Mais de 450 pacientes de um hospital público inglês morreram de overdose, depois de lhes ter sido administrado, sem necessidade, um opióide forte, de acordo com a investigação, liderada pelo antigo bispo de Inglaterra, James Jones, que também teve em mãos o relatório sobre a tragédia de Hillsborough.

Segundo o relatório, divulgado nesta quarta-feira, nenhum destes doentes do Gosport War Memorial Hospital, em Hampshire, necessitava de tomar diamorfina, ou seja, o termo médico para heroína.

Os factos remontam à década de 90 e, para já, há apenas um nome em cima da mesa: a médica Jane Barton, responsável pelas enfermarias, que prescrevia as drogas. No entanto, de acordo com a investigação, todos sabiam desta administração indevida de heroína, desde os enfermeiros às chefias médicas, sem que nunca tenham agido contra.

As vítimas são na maioria idosos, muitos deles saudáveis ou sem dores, que se deslocavam ao hospital na sequência de uma anca partida, por exemplo. Havia casos mais graves, de doentes com cancro, mas nem nestes casos a administração daquela droga era adequada ou necessária.

Mas todos eles, independentemente da sua condição, tinham a mesma prescrição: heroína por via intravenosa.

A primeira denúncia surgiu em 1988, depois de a filha de uma paciente ter apresentado queixa na polícia de Hampshire devido ao uso indevido de morfina.

Três anos depois, na sequência de uma reunião com a ordem dos enfermeiros, estes profissionais foram aconselhados a não levar as suas preocupações mais longe.

Ao escolherem não fazê-lo, a oportunidade perdeu-se, aconteceram mortes e, 22 anos depois, tornou-se necessário criar esta comissão para descobrir a verdade”, consta no relatório hoje conhecido.

De acordo com a investigação, as enfermeiras nunca questionaram as ordens da médica Jane Barton, que ali trabalhou durante 12 anos.

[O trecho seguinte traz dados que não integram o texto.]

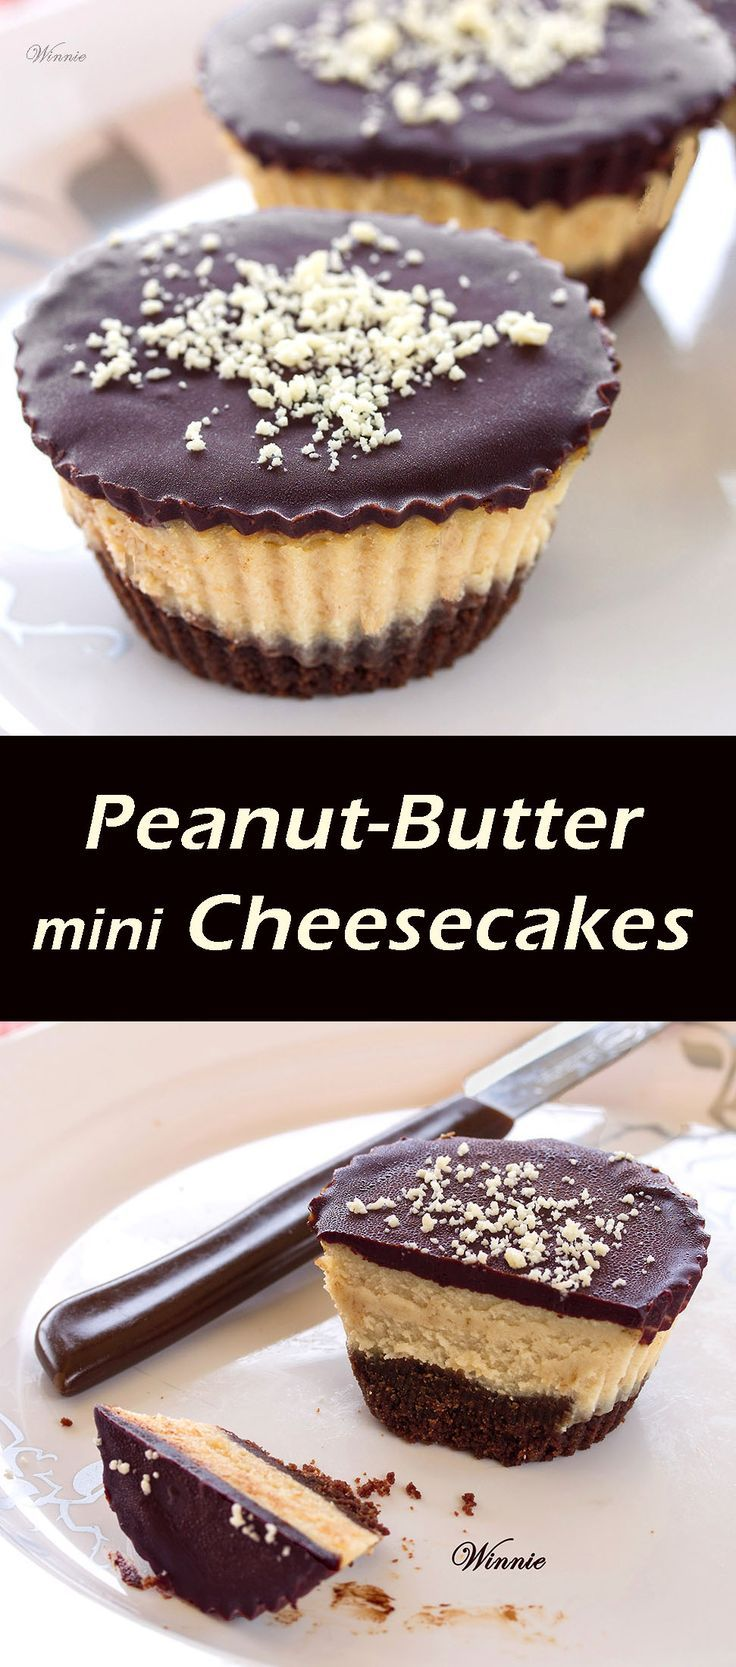 1000+ images about Food/Yummy/Imafatty on Pinterest | Pennsylvania ...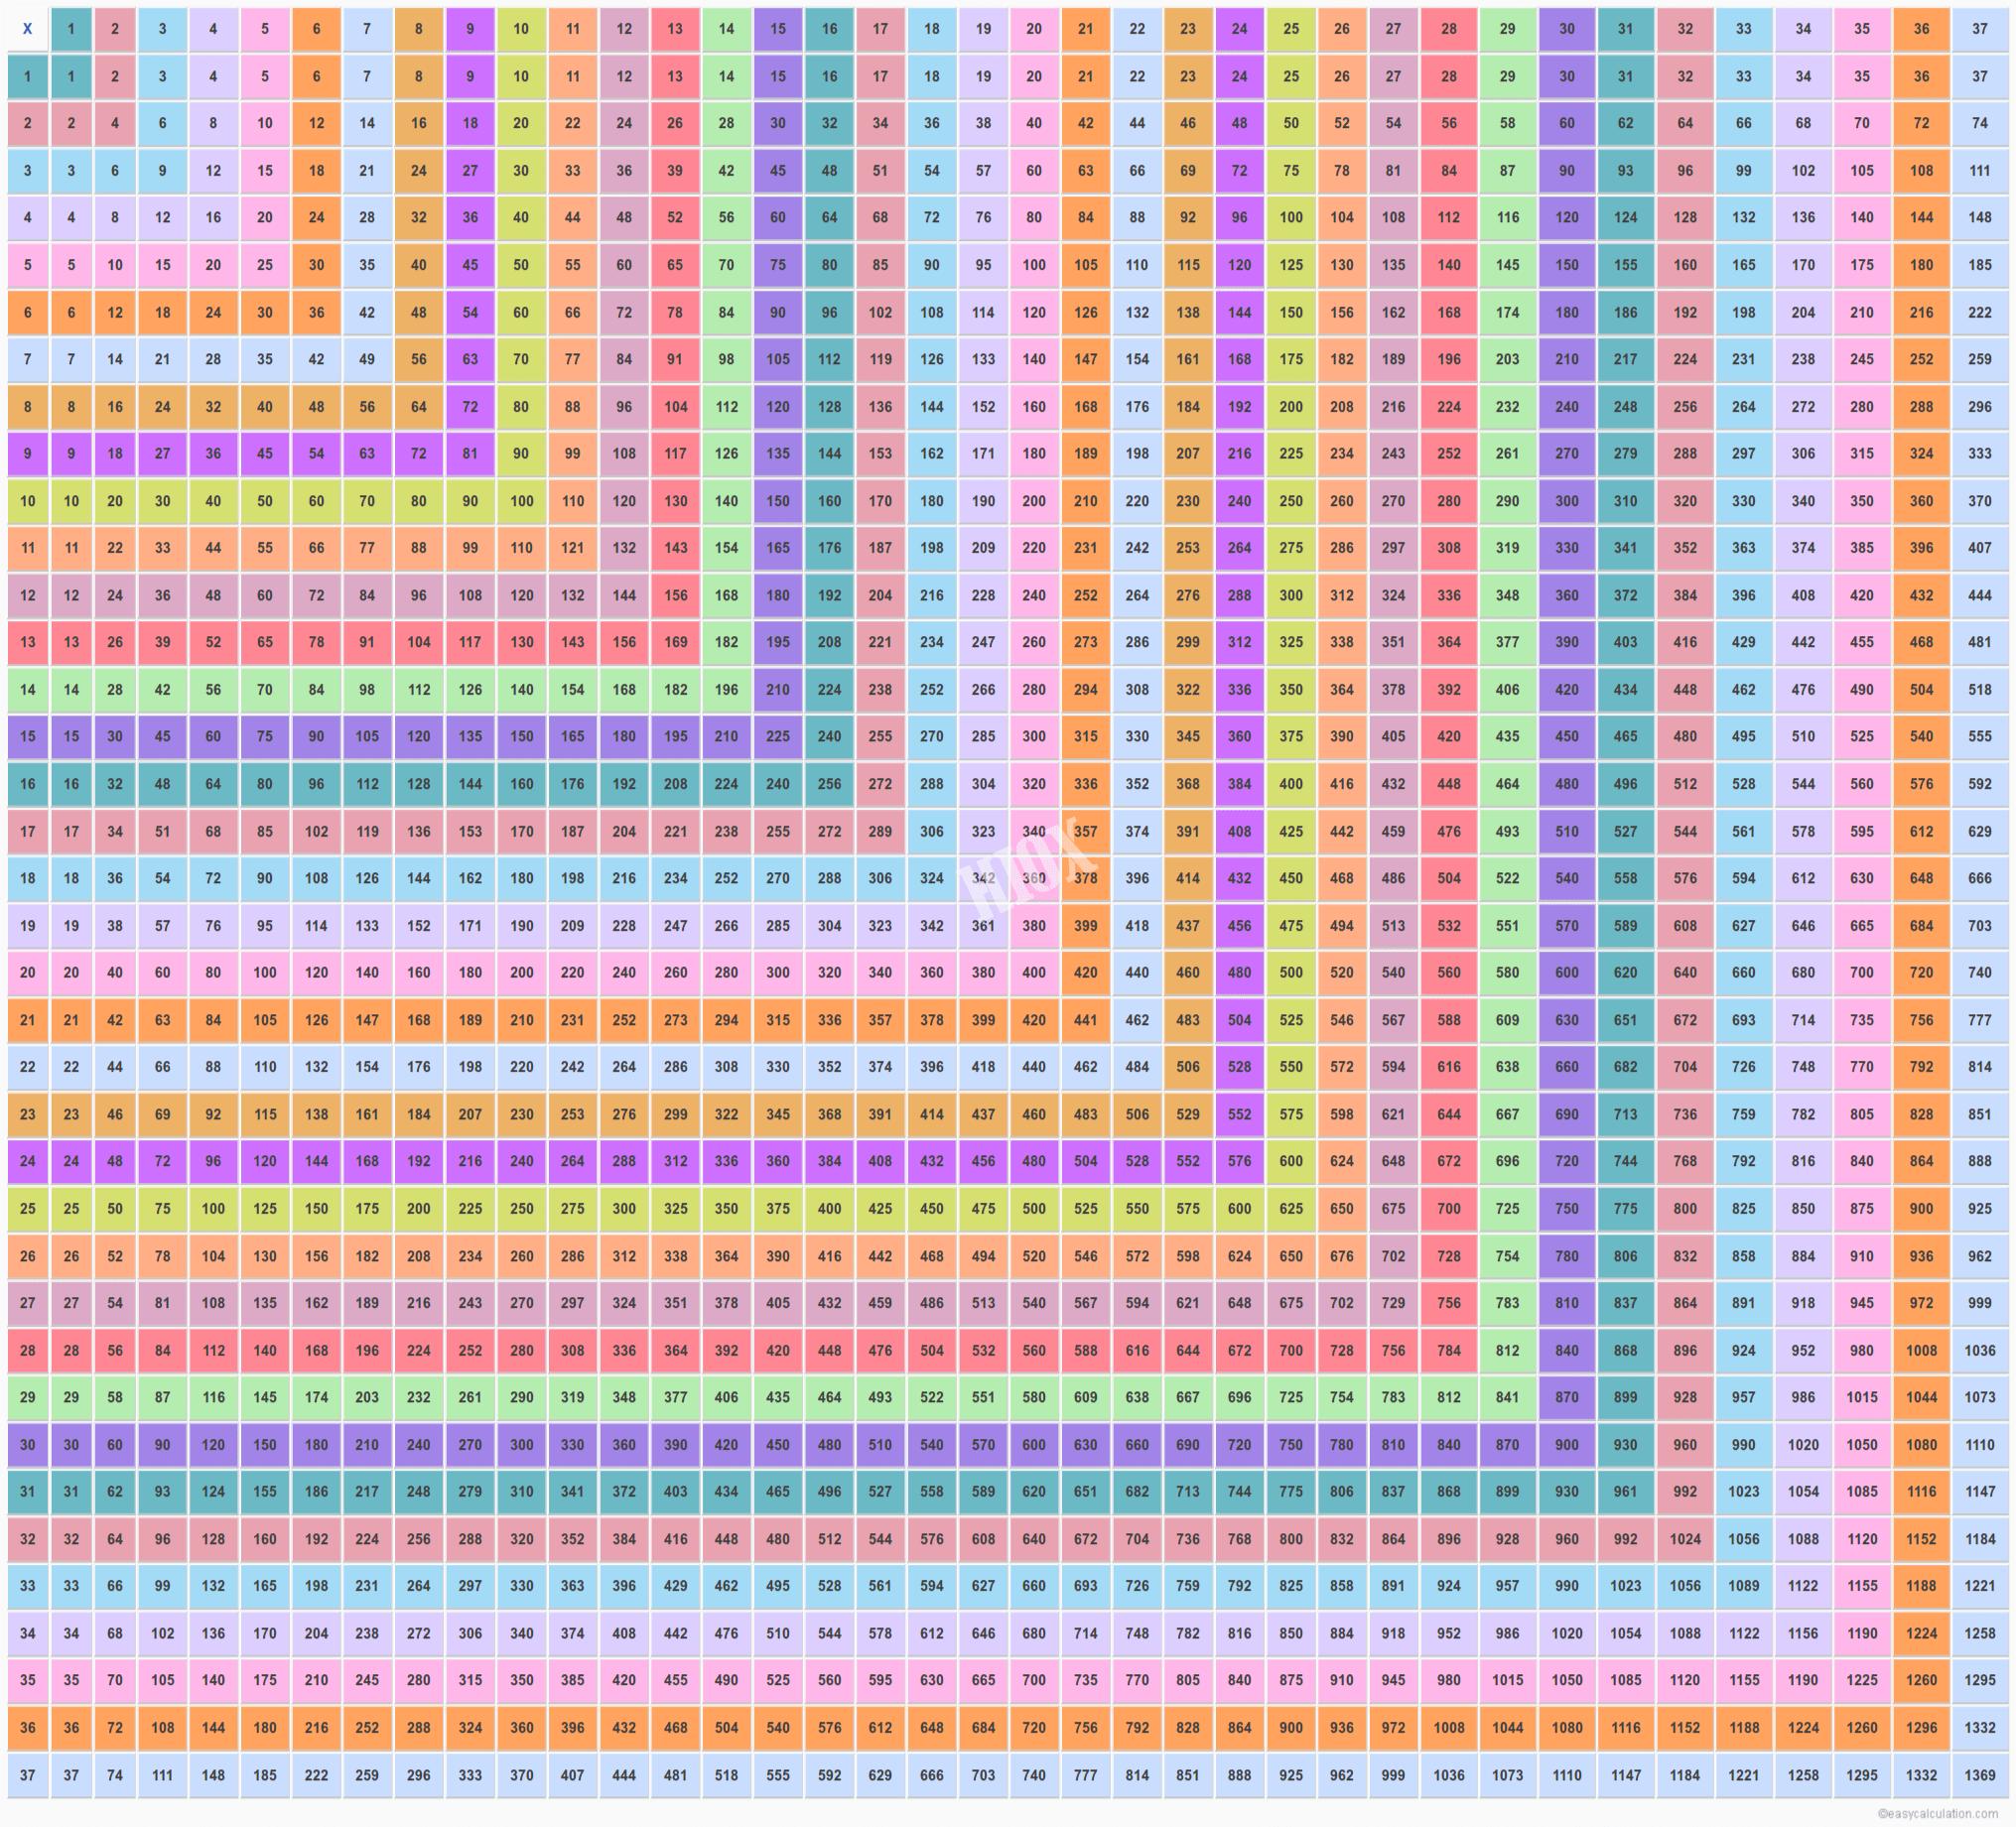 37 X 37 Multiplication Table | Multiplication Chart Upto 37

As suspeitas só não caíram no esquecimento devido à “tenacidade” das famílias das vítimas, que nunca deixaram de questionar o que aconteceu.

A investigação aponta, por isso, o dedo às autoridades, de saúde e policiais, como a ordem dos médicos, que, apesar de censurar Jane Barton pelas suas práticas, numa audição em 2009, já depois de o nome da clínica ter sido visado nas investigações da polícia, não a impediu de continuar a exercer.

Para as conclusões agora conhecidas contribuiu o testemunho de uma enfermeira, Pauline Spilka, que já tinha denunciado a situação em 2001 durante as primeiras investigações policiais. Esta profissional afirmou não se lembrar de um único paciente que tenha sobrevivido à administração permanente da droga.

O inquérito às mortes no Gosport teve início em julho de 2014, a pedido do governo britânico, que nomeou James Jones, antigo bispo de Inglaterra e também de Liverpool, para liderar a investigação, ele que já tinha trabalhado no relatório à tragédia de Hillsborough, em que morreram 96 pessoas no estádio.